Манит, сильно манит эта прохлада, дохожу до края, один шаг и я там. Оборачиваюсь на пламя, по спине пробегает неприятный холодок, будто бы кто-то трогает меня мокрыми холодными пальцами, лезет в трусы. Отбегаю, гляжу в тоннель ќ никого, лишь манящая прохлада, тоннель улыбается мне, тьма трясётся в насмешливой улыбке. Хватаю тлеющую куртку и джинсы, кроссовки расплавились и приварились к рельсам. Запрыгиваю на платформу, здесь даже скамеек нет, колонны не отделаны гранитными плитами, всё в плёнке, в зелёной сетке. Бью курткой и джинсами по бетонной платформе, пока они не перестают тлеть. Натягиваю джинсы, так лучше, никто в трусы не лезет, завязываю футболку вокруг головы, надеваю куртку и успокаиваюсь. Нельзя стоять, быстрым шагом иду к лестнице, поднимаюсь наверх и бегу к стеклянным дверям, турникеты открыты, в будке никого. Двери закрыты, бью их со злости, но что толку. На улице туман, и в нём что-то колышется, живое, сильное, но не уверенное в своей правоте. Стучу и машу, кричу, и это что-то выступает передо мной из тумана - щиты, щиты, щиты и каски, за которыми нет лиц, только оптические датчики вместо глаз, пустые, немигающие. Смотрю на них и отступаю, боюсь, но понимаю, что они до меня не достанут, не смогут сломать эти двери из стекла, кажущиеся мне сейчас мощнее бронированной двери хранилища в банке.

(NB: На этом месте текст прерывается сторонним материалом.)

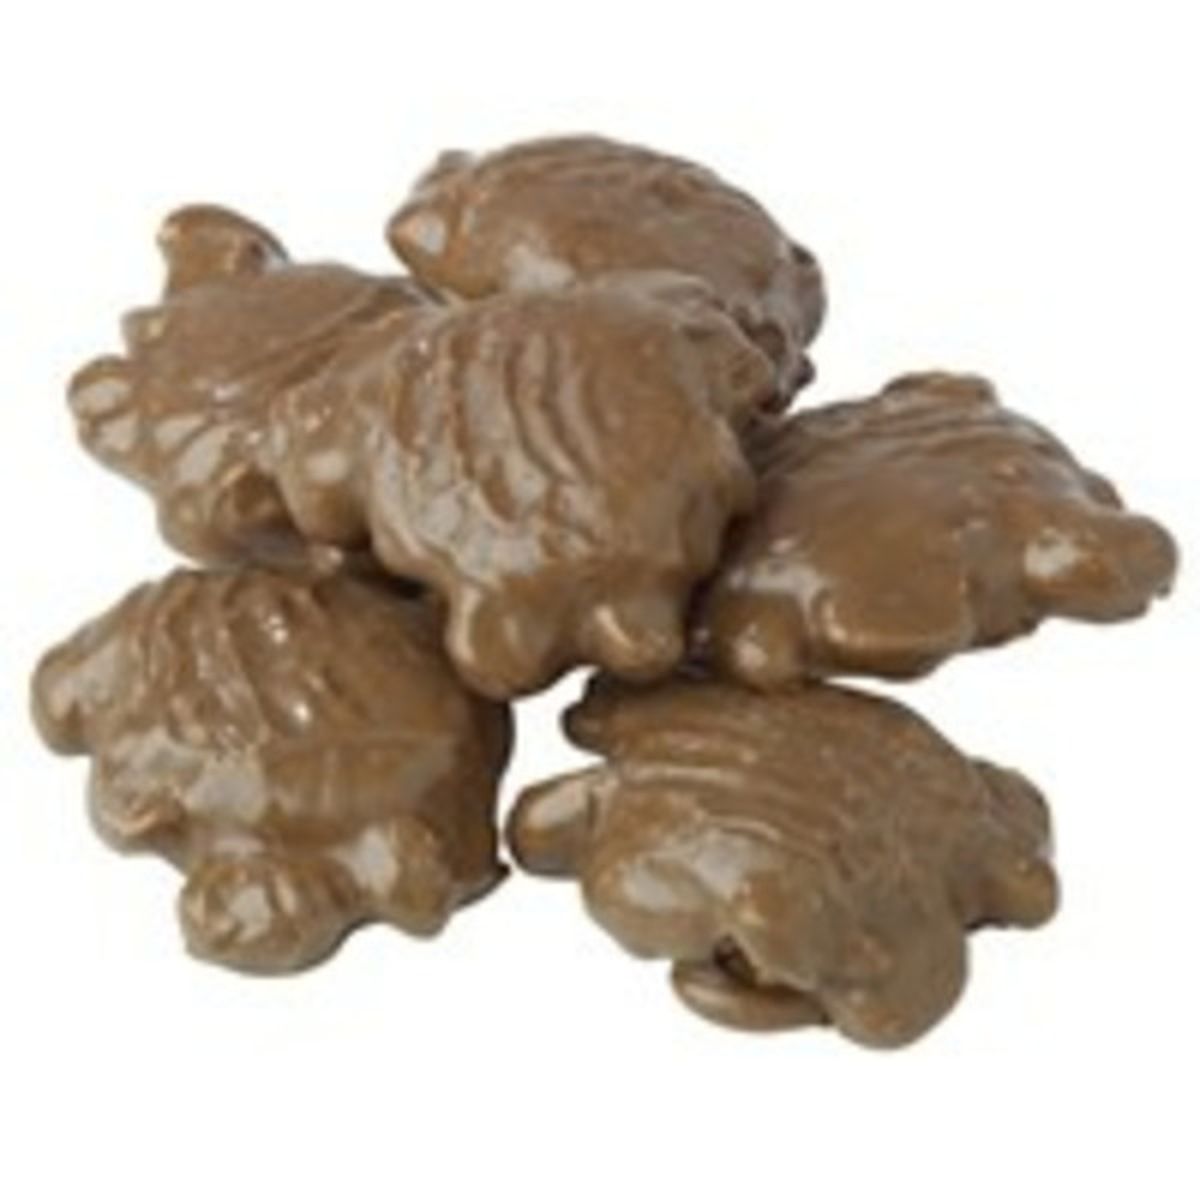 Calories in Wegmans Chocolate Peanut Caramel Clusters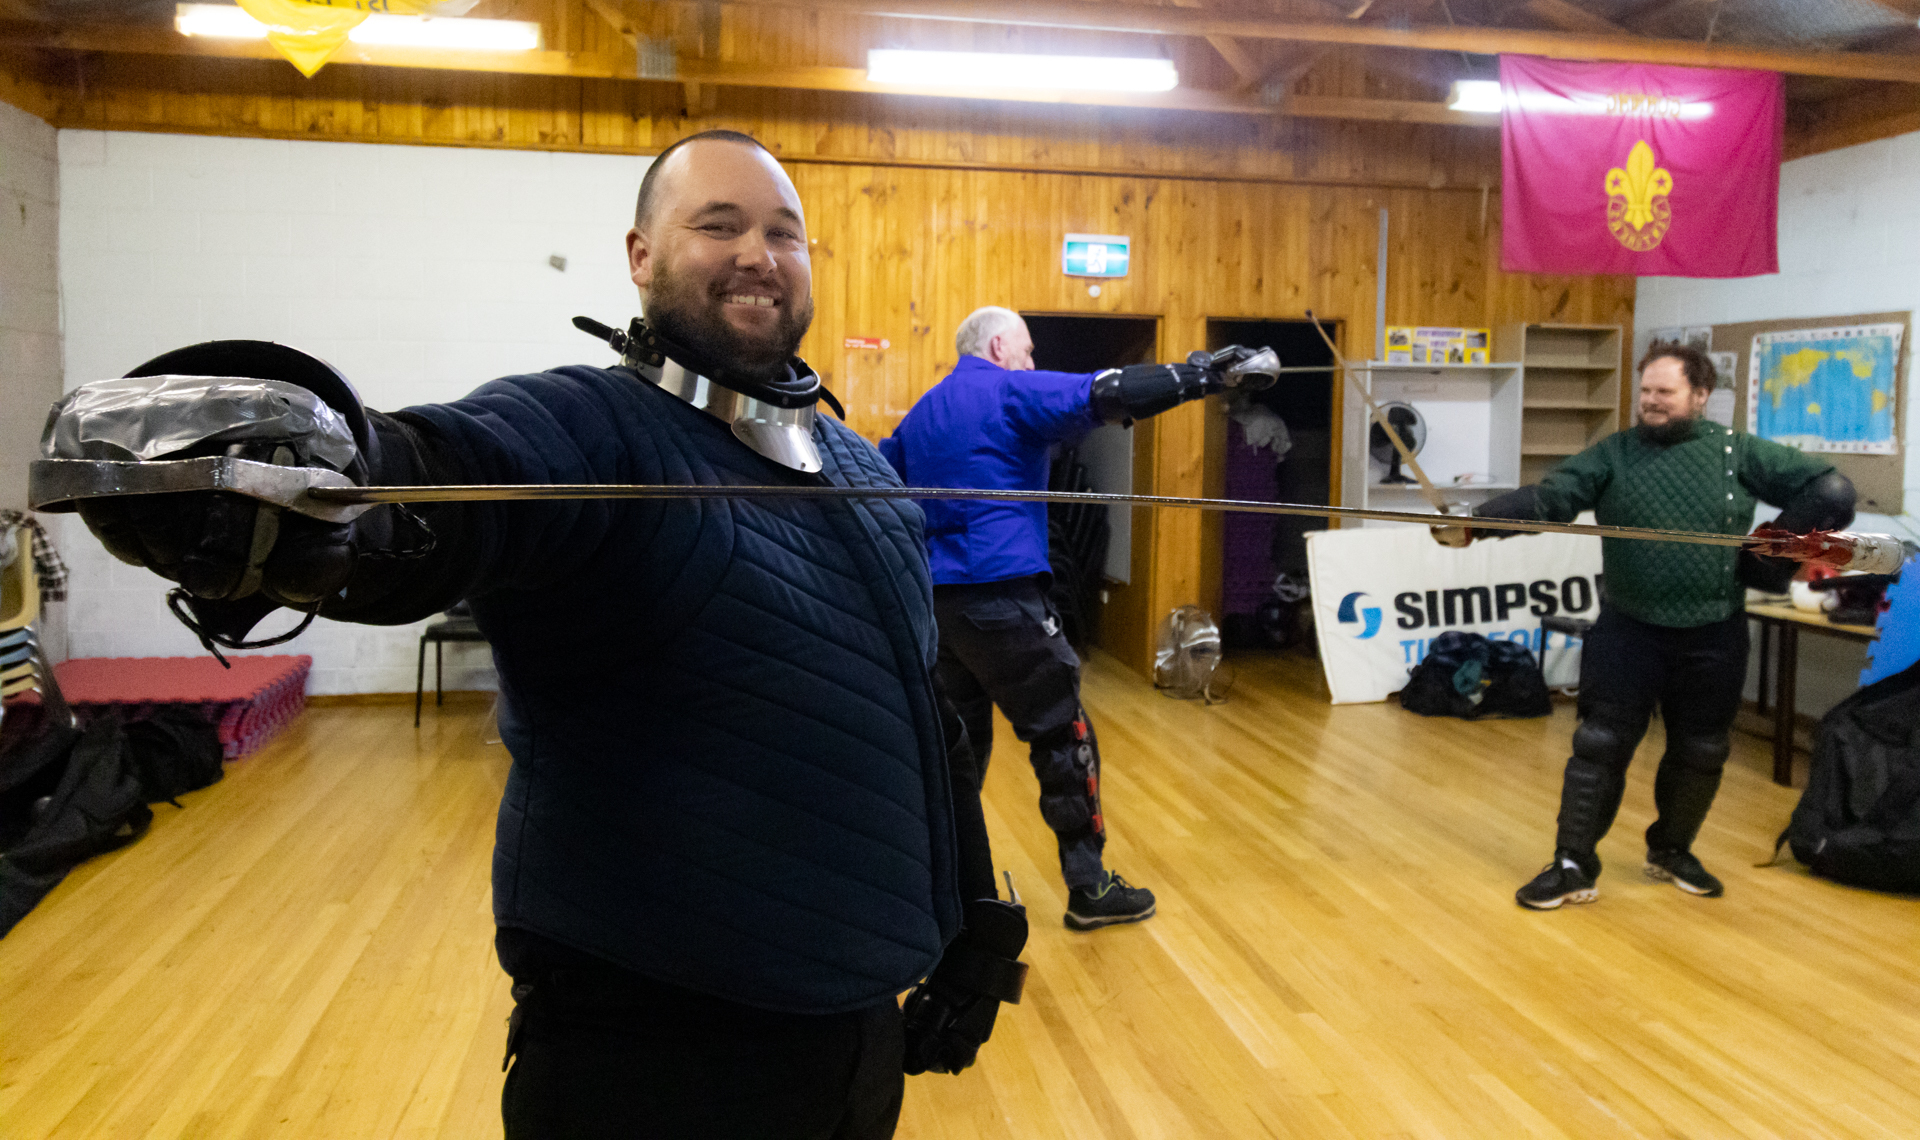 Sword fighting wields friendship and wellbeing in Gunning

Обхожу станцию, спускаюсь на другие платформы, пытаюсь открыть двери - всё заперто и везде щиты, щиты, каски, каски. Возвращаюсь на бездомную станцию, спотыкаюсь о брошенные кем-то резиновые сапоги, они жёлтые, огромные для меня. Запрыгиваю в них, неудобно, но это придаёт уверенности. Нагло хватаю валяющуюся рядом кувалду, она тяжёлая, сразу и не размахнёшься, но злость и дурь, нахлынувшая на меня, заставляют броситься наверх и начать бить стеклянные двери. Они трескаются, крошатся, но не поддаются, и я быстро устаю. Оптические датчики шлемов смотрят на меня с сочувствием.
Хочу проснуться, а не могу. Иду в тоннель, повинуясь манящему зову, я слышу его отчётливее, не как раньше, путая с ощущением прохлады, свежести. Тьма захлопывается за моей спиной, как хлопает дверь на сквозняке. Я иду вперёд, и больше не оборачиваюсь, до боли сжимая рукоять кувалды.